Иду лесом, темно и холодно чего-то, хоть и лето на дворе, и звезды чистые. Иду, пожимаюсь. Собачонка по-за кустом скулит. Я цмокать, слышу, к ногам жмется и скулит. Я ее поймать норовлю, не дается, стерва. Слышу, что махонькая. Я ее ловлю, добра ей хочу – скулит и не дается. Я так, я эдак, – вертится, стерва… Я притаился, да как хвачу ее прикладом, да еще, да еще. И пошел дальше.

Что я детей порченых здесь перевидел. Жиденка одного – так забыть не могу. Почитай, в час один его солдатня кругом осиротила. И матку забили, отца повесили, сестру замучили, надругались. И остался этот, не больше как восьми годков, и с им братишка грудной. Я его было поласковее, хлеба даю и по головенке норовлю погладить. А он взвизгнул, ровно упырь какой, и с тем голосом драла, бежать через что попало. Уж и с глаз сгинул, а долго еще слыхать было, как верезжал по-зверьи, с горя да сиротства…
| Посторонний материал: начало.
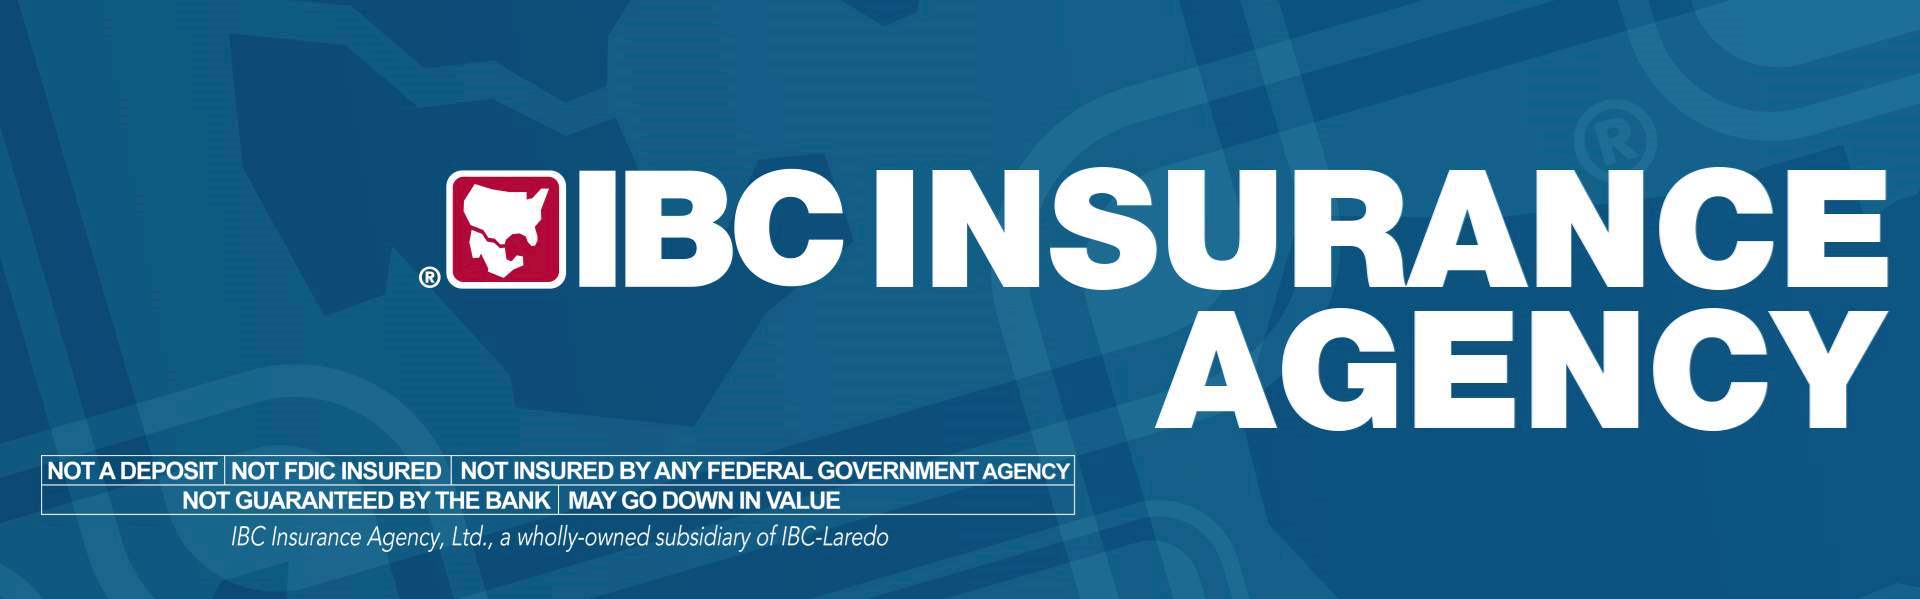 IBC Bank Business Insurance
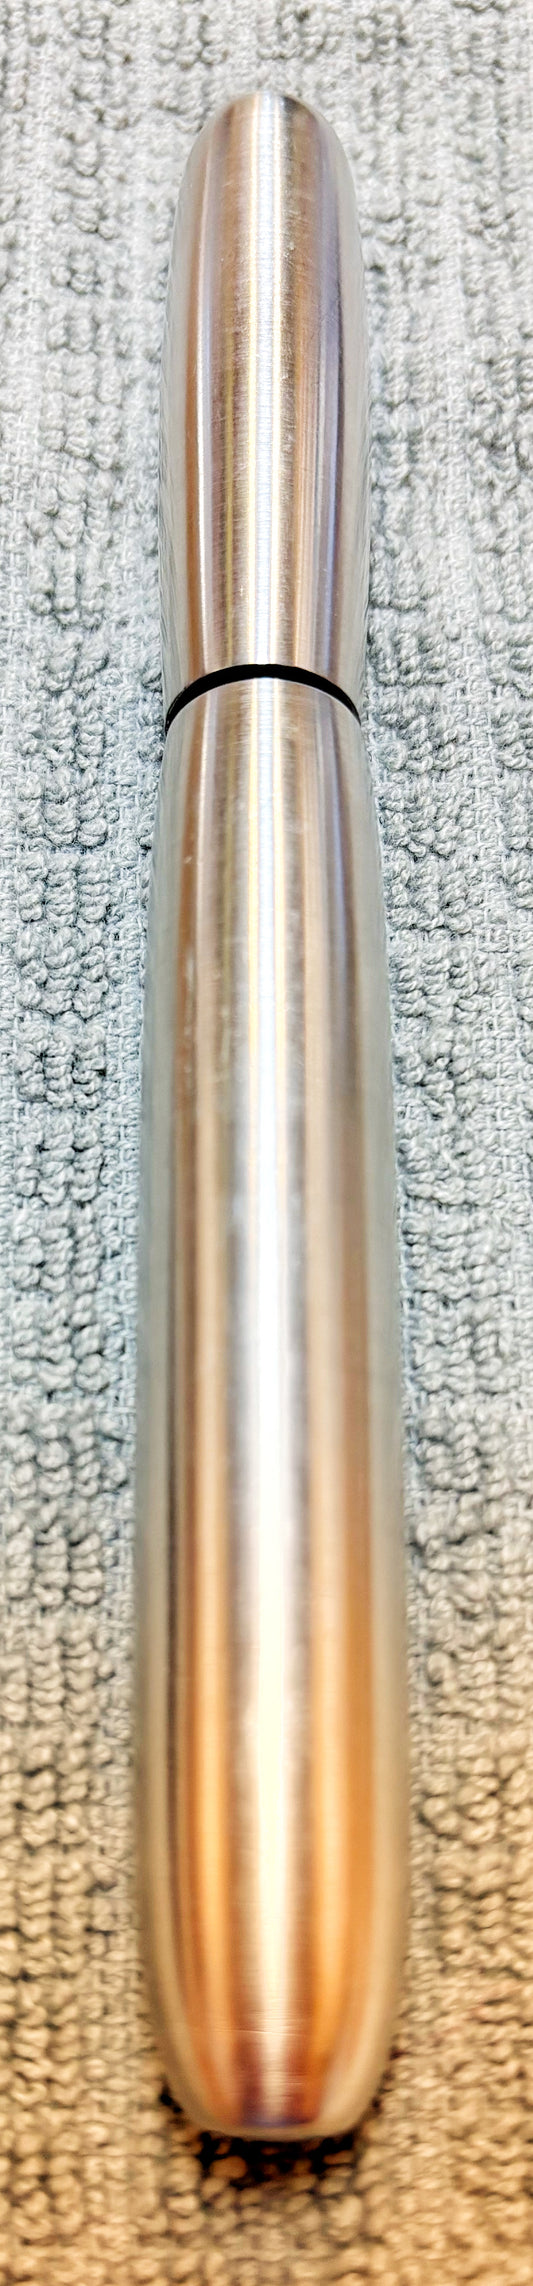 Aluminum Fountain Pen

Скачет козочка, страх в ней играет, над землей несет легче ветру. Он за ней в лес вошел, споткнулся об груду какую-то, упал, встать не в силах… Немец раненый лежит и его за груди держит, не пускает… Сопут, борются… Грызть стал немцу руки, пустил проклятый, только глазами смерти кличет… Винтовку приложил, пальнул, а у того глаза на лоб… А коза ушла, гнаться не стал. Об немца последний заряд разрядил… Обидно охотнику…

* * *

Как сбили нас кучей, что больной, что здоровый, стоим – словно прутья в метле. Некуда податься. За мной солдат большущий, дергается что-то. Я ему – земляк, земляк, а он мутным глазом поглядел да на меня как навалится, помер. Вот так шабёр[17]

Как вошли мы в город – все ничего. Жидова попряталась, и баб не видно. Заришься – все отперто, все твое. Патрулей не делали… Зовут, сказывают: «В патруль наряжаться». Пошли. Три окна, изба деревянная… Криком старуха кричит, нас к ей подошло трое. «Что такое?» – спрашиваем. «Грабят», – говорит, да так чудно говорит, только что понять можно. «Кто, – говорим, – грабит? Врешь, старая, всюду и всюду патрули ходят»… Идем, а там двое ихних мирных из скрыни[18] одежу дергают… Я одного за загривок, да в сундук, да запирать… Так ему смерти хочу, ровно мою старуху обидел. И не ее жаль, а обидно, что, сукин сын, на своих пошел… А старуха кричит: «То мой сын, то мой сын…» А то на ее дочке женатый, да со своим братаном тещу грабят. Ну и натешились тут… Уж били мы, били, кости целой не оставили. Ах, стерва! А добро из сундука попортили… И не думали того, а попортили… У меня эдак до этой поры вот портабак-то оттуда.

Была тут у меня собачонка удивительная, Шашка – кличка была. Шашкой ей лапу перебили, болталась у ней лапа та, шерсть на ней огнем попаленная, глаз вытек, боевая была, от хозяина ни на шаг, и спала со мной под шинелью. А как чемодан[19] по соседству разорвало, так и она не вынесла. Как задрала она хвоста остаток, шерстку вздыбила да на трех ногах такого латата задала – по сю пору не видно.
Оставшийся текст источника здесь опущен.